**TASK REQUIREMENTS:**
Copy verbatim the block of lines in the entries below whose first line contains "Il Principe del" and whose last line contains "Carl Hansen Kk53130". Leave out all other lines.

**RECORDS TO PROCESS:**
● ● ●

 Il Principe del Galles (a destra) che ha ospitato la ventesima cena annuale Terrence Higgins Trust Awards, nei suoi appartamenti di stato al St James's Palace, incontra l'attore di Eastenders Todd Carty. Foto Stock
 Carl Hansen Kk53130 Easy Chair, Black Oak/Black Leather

● ● ●

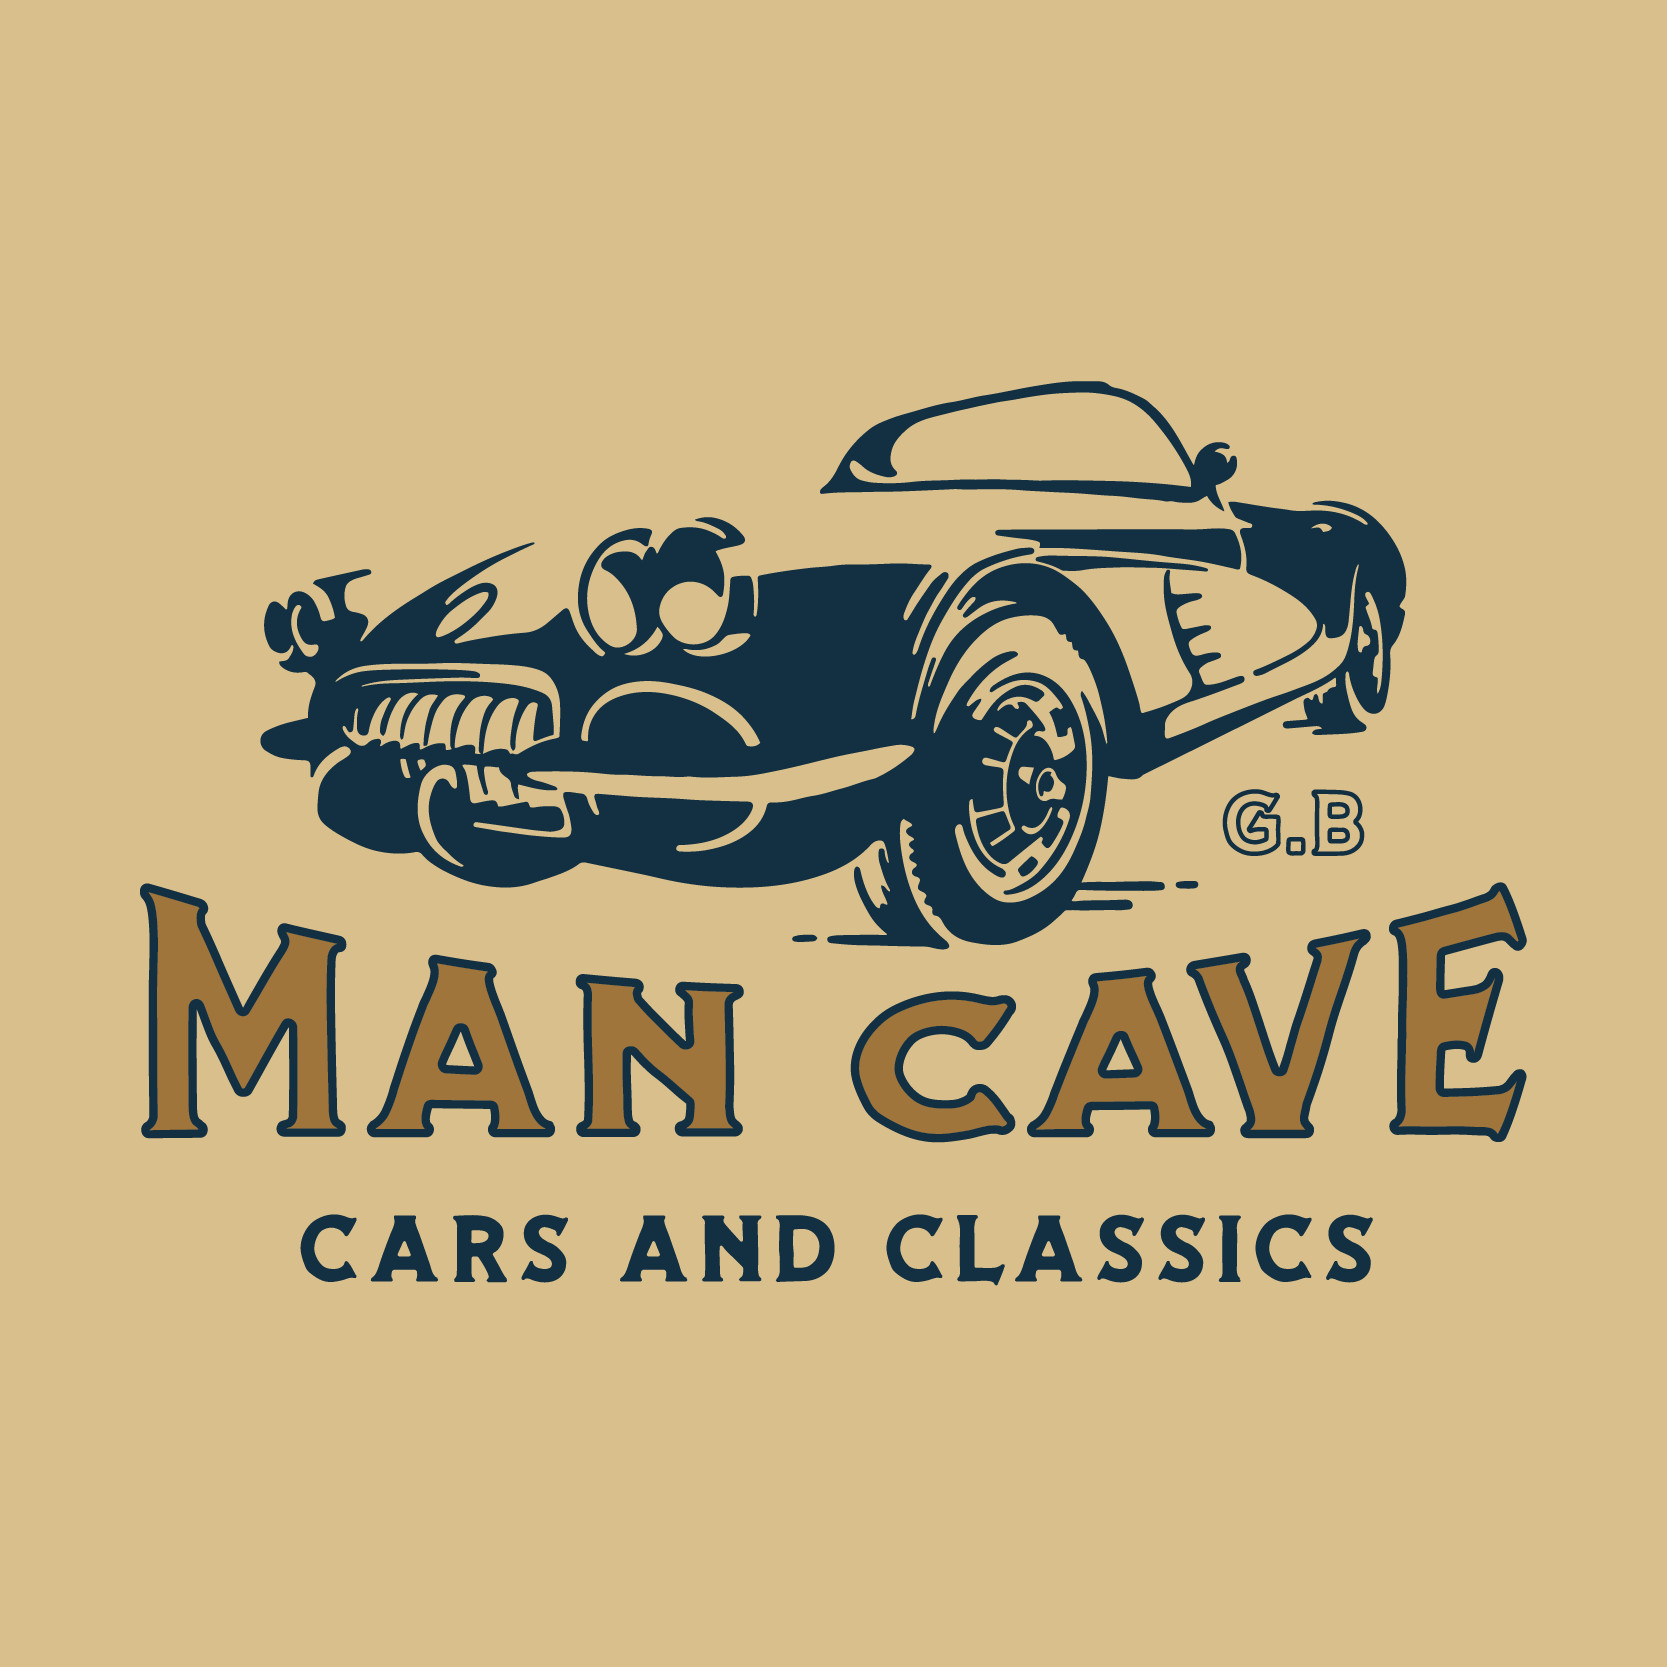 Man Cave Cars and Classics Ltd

● ● ●

**TASK SOLUTION:**
 Il Principe del Galles (a destra) che ha ospitato la ventesima cena annuale Terrence Higgins Trust Awards, nei suoi appartamenti di stato al St James's Palace, incontra l'attore di Eastenders Todd Carty. Foto Stock
 Carl Hansen Kk53130 Easy Chair, Black Oak/Black Leather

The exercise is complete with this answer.